Perhaps it’s not too surprising that the story of Black credit unions often starts with a general “in the 20s and 30s” – during what we often think of as the first groundswell of the American credit union movement.
It’s time to learn about Thomas B. Patterson and Piedmont Credit Union.
Less than three years after the state of North Carolina authorized credit unions in 1915, to be overseen by the State Agricultural Department and the State College of Agriculture and Engineering, Thomas Patterson established the first Black credit union. He wrote about the experience in The Southern Workman in 1920 in an article title “Negro Credit Unions of North Carolina:”
“The Piedmont Credit Union of Landis was organized April 19, 1918, with twenty-three members and a paid-in-capital of $126. It was the first effort ever made to organize a credit union among Negro farmers, so it was intended merely as an experiment to study the advisability of continuing such an organization. The experiment was so successful that three other unions were organized in different parts of the county. During the year just passed nine credit unions were organized in another county of the State, making thirteen Negro organizations up to date.”

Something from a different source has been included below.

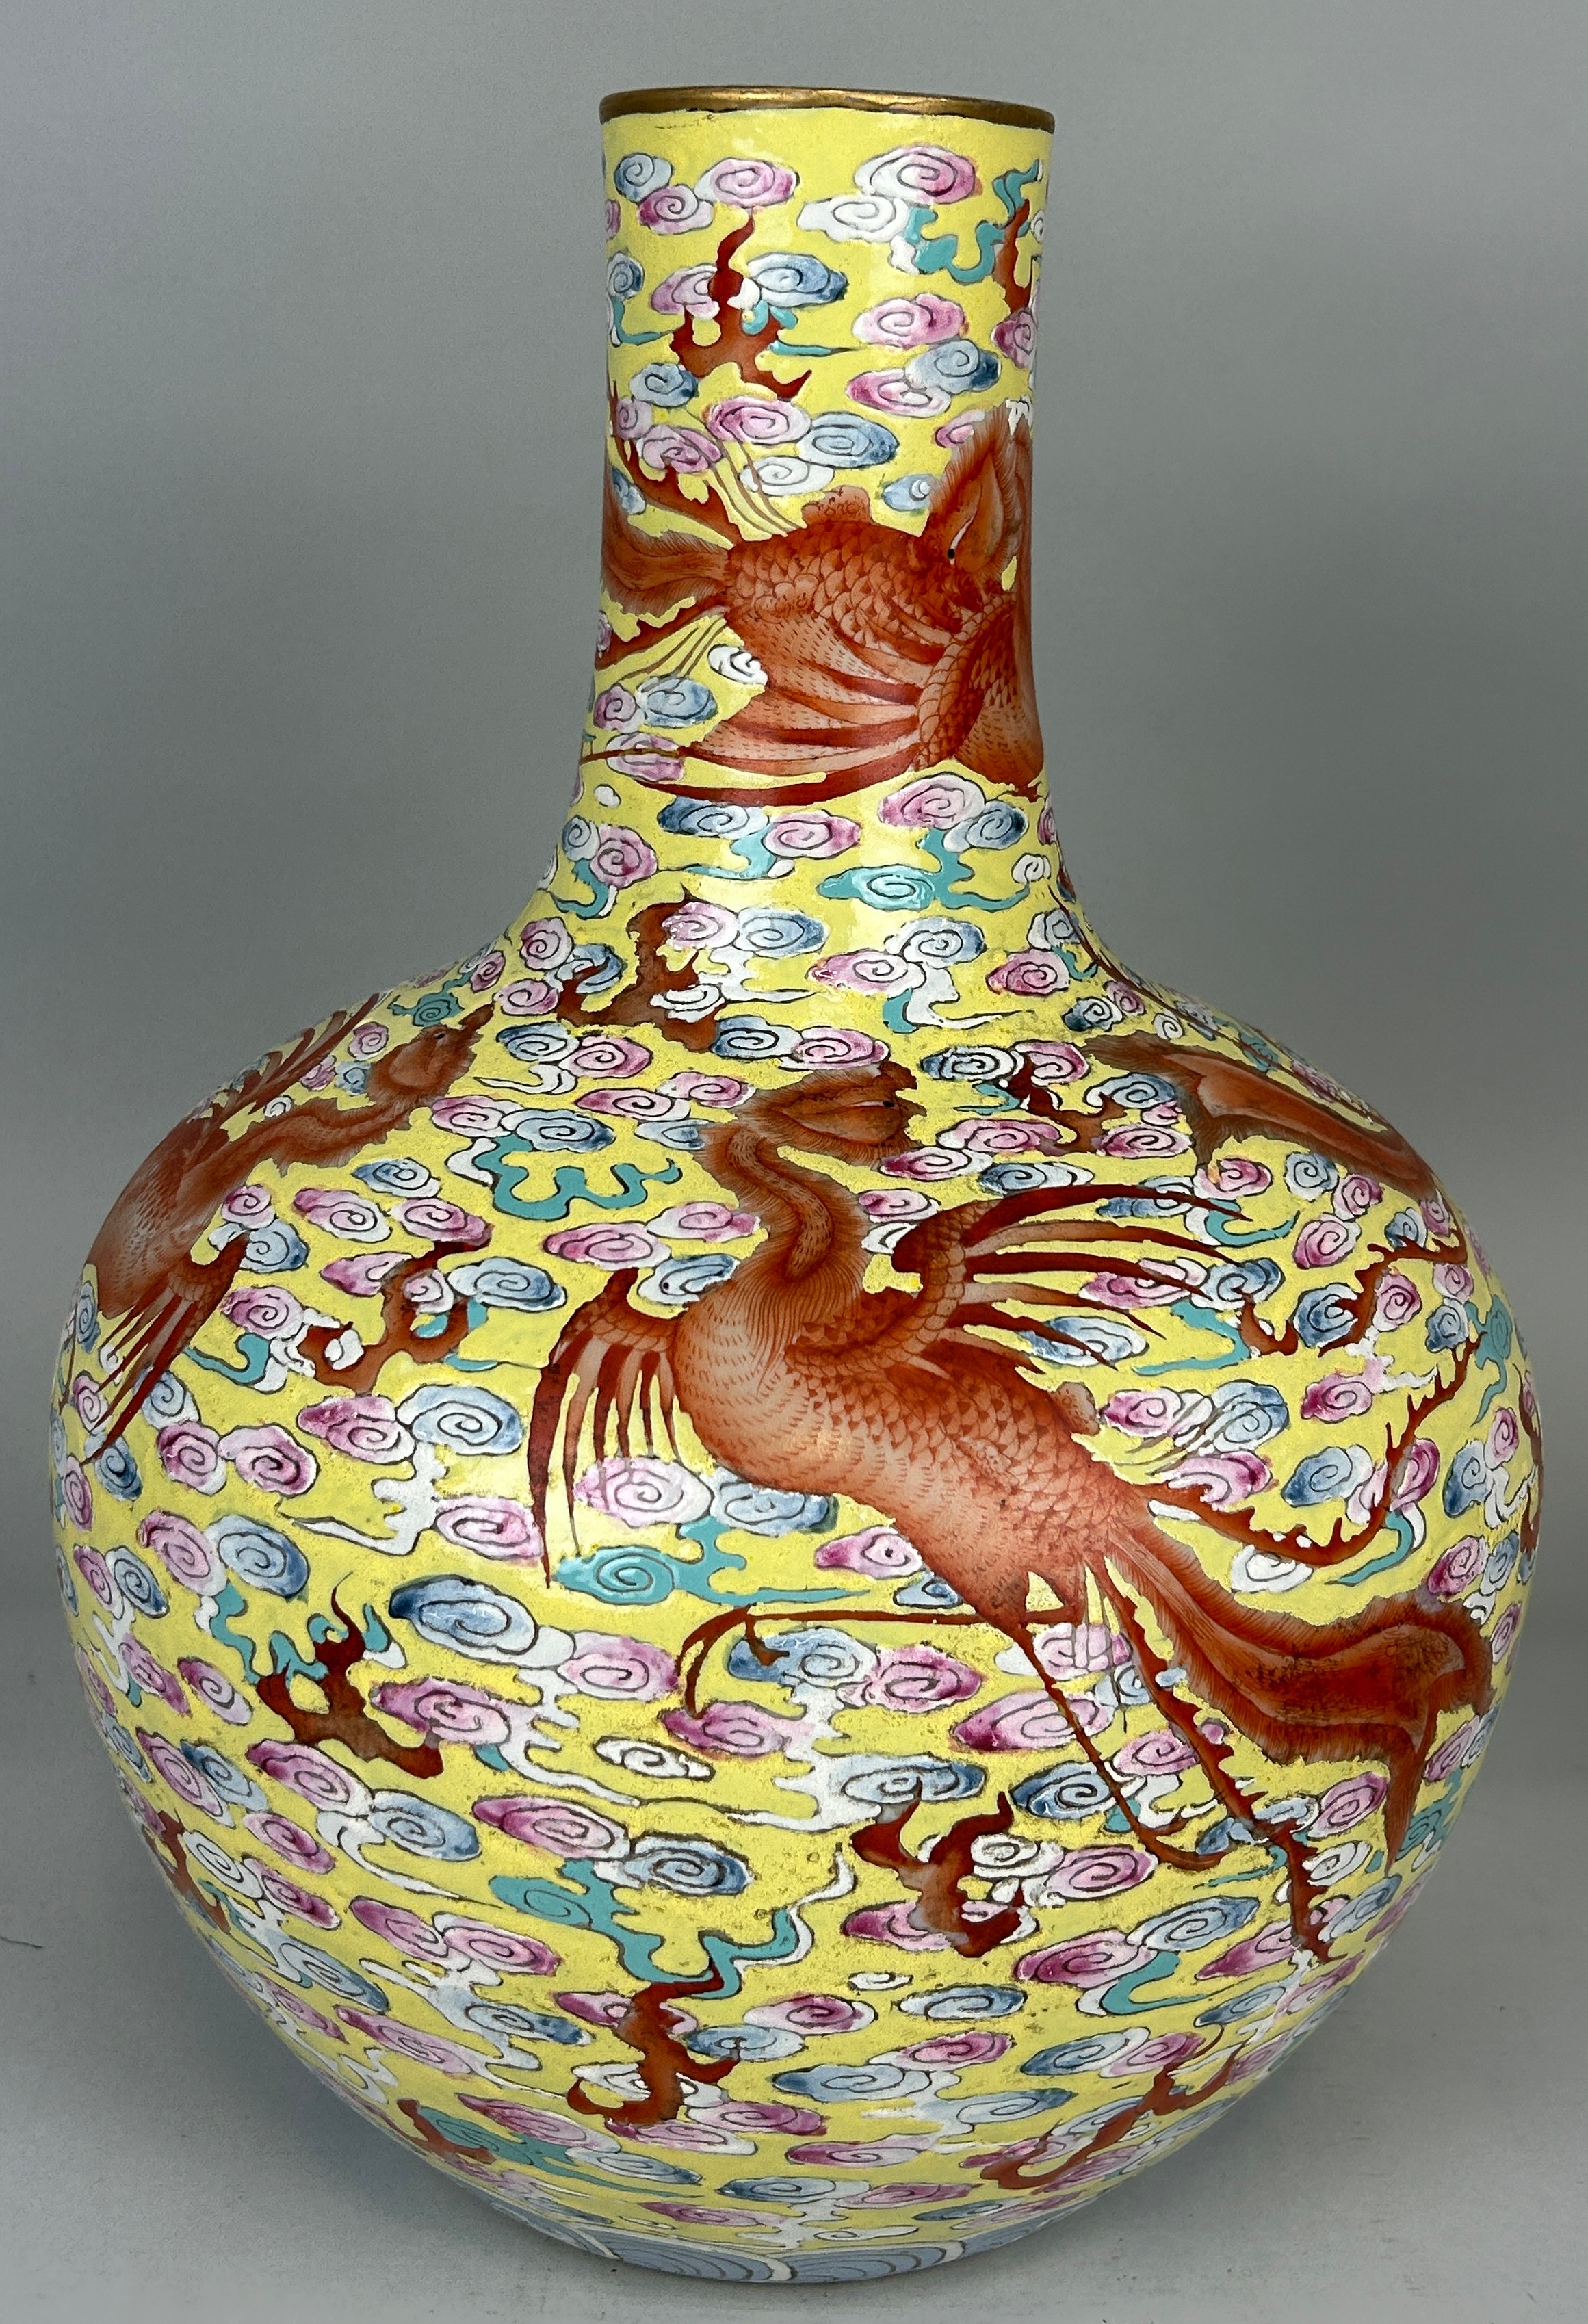 A LARGE CHINESE 'TIANQIUPING' VASE WITH QIANLONG MARK PROBABLY LATE 19TH OR EARLY 20TH CENTURY,

As of Dec 31, 1919, Piedmont had 82 members, 6 depositors and 10 borrowers, with total resources of $1347.83. There was a $50 loan limit on cash loans for food supplies, as most loans were made for farm supplies and home or farm improvements.
The aim of Piedmont was to eliminate dependence on supply stores, where Black farmers could buy what they wanted on “time” but often at a highly marked-up price, and found that this left them with no profit after crops came in:
“Now the credit unions steps in here, takes the place of the supply store, and lends the farmer member sufficient cash, at a reasonable rate, to buy his supplies in the open market, saving himself the time prices, which no doubt are always higher. In other words, the credit union recognizes the fact that no farmer tied to the supply store can reasonably be expected to render good service, become a good citizen, or do efficient work so long as he is thus handicapped.”
So now instead of crushing interest rates, Patterson explains, “A member can borrow from a few dollars up to a hundred, or more for any length of time within the current year. He is charged at the rate of six per cent interest for the actual time he has the loan. His word in the community and his ability to repay the loan are his chief assets. The name of some other man of standing in the community, couple with his on his note, usually procures his loan with very little, if any, delay.”
It's worth pausing a moment to consider the impact this financial empowerment must have had on the Black farmers in North Carolina. Membership in a credit union meant that not only could they see their farms survive difficult years, they could actually build wealth, by refusing to “feed the lion of prejudice,” as Black banking titan Maggie Walker described it.
Black Americans' first taste of democracy came from cooperatives, entrenched in all members having an equal vote and, really, a vote at all at the time. The Black experience of cooperative finance is a key part of credit union history and credit unions, as always, were there to help the underserved.